Pitching The Start of Variadic Generics

One thing that might be useful as a step towards variadic generics is introducing local generic parameters.

For example, as @xAlien95 pointed out:

func debugPrint<T...>(_ items: T...) 
  where T: CustomDebugStringConvertible
{   
  for (item: T) in items { // <--- Here
    stdout.write(item.debugDescription)
  }
}

The T on the marked line is actually a new, local generic parameter which overrides the name T... in the function declaration. Actually, the T on that line refers to a different type on each iteration of the loop. Using a slightly different syntax, it might look like this:

func debugPrint<T...>(_ items: T...) 
  where T: CustomDebugStringConvertible
{   
  for<ItemType> item in items {
    stdout.write(item.debugDescription)
  }
}

It's a new concept in the language, and is important for variadic generics: each element in the type sequence has a different type, so naturally operations such as iteration or extracting a particular element need to bind new type parameters.
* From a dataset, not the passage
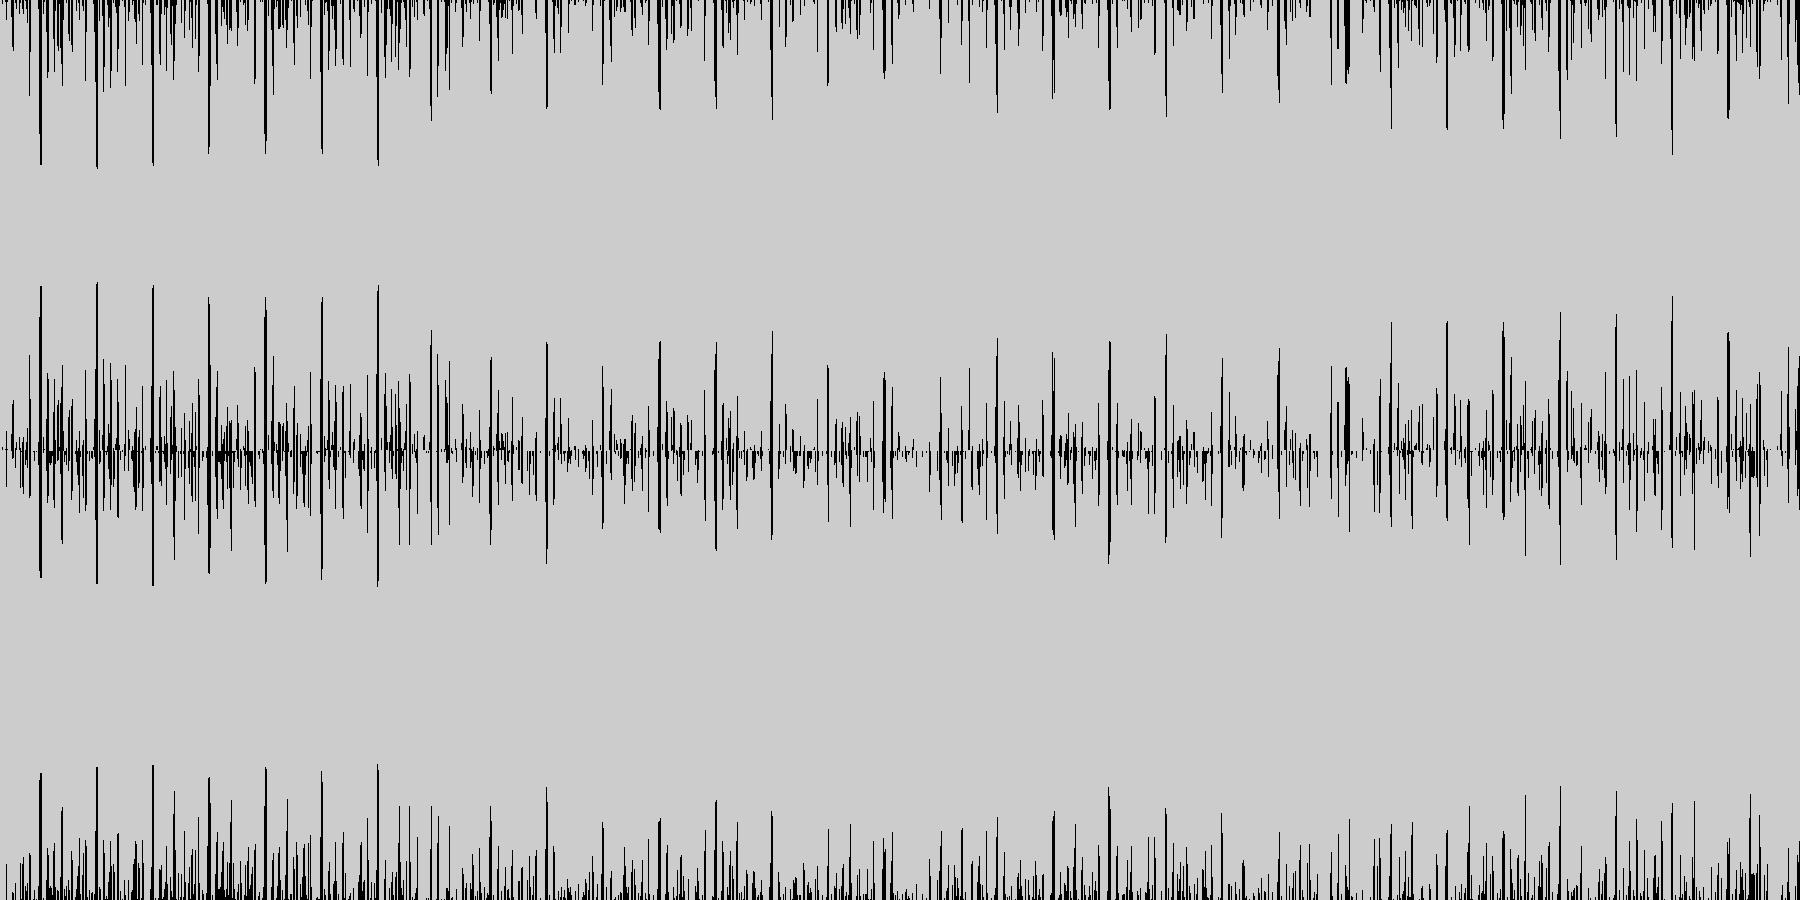 お洒落なEDMループBGMの未再生の波形

It's also something which would be useful right away - we could use it for unboxing existentials, finally allowing them to be used with generic algorithms. You could imagine something like this syntax being used to unbox an array of heterogeneous collections:

func areEqual(_ leftElements: [Equatable], _ rightElements: [Equatable]) {
  guard leftElements.count == rightElements.count else { 
    return false 
  }
  for<Left, _> (left, _right) in zip(leftElements, rightElements) {
    guard let right = _right as? Left, left == right else {
      return false
    }
  }
  return true
}

areEqual(["string", 42], [true, 99.4]) // false

Which is kind of a silly example, but it demonstrates a level of dynamic typing which we can't even express today. It also shows the overlap the between existentials (and collections of existentials) and variadic generics - they work differently, but ultimately they both deal in abstractions over heterogeneous lists and try to allow lists of types to be used generically.

It would be nice to keep this in mind and design language features which can work for both.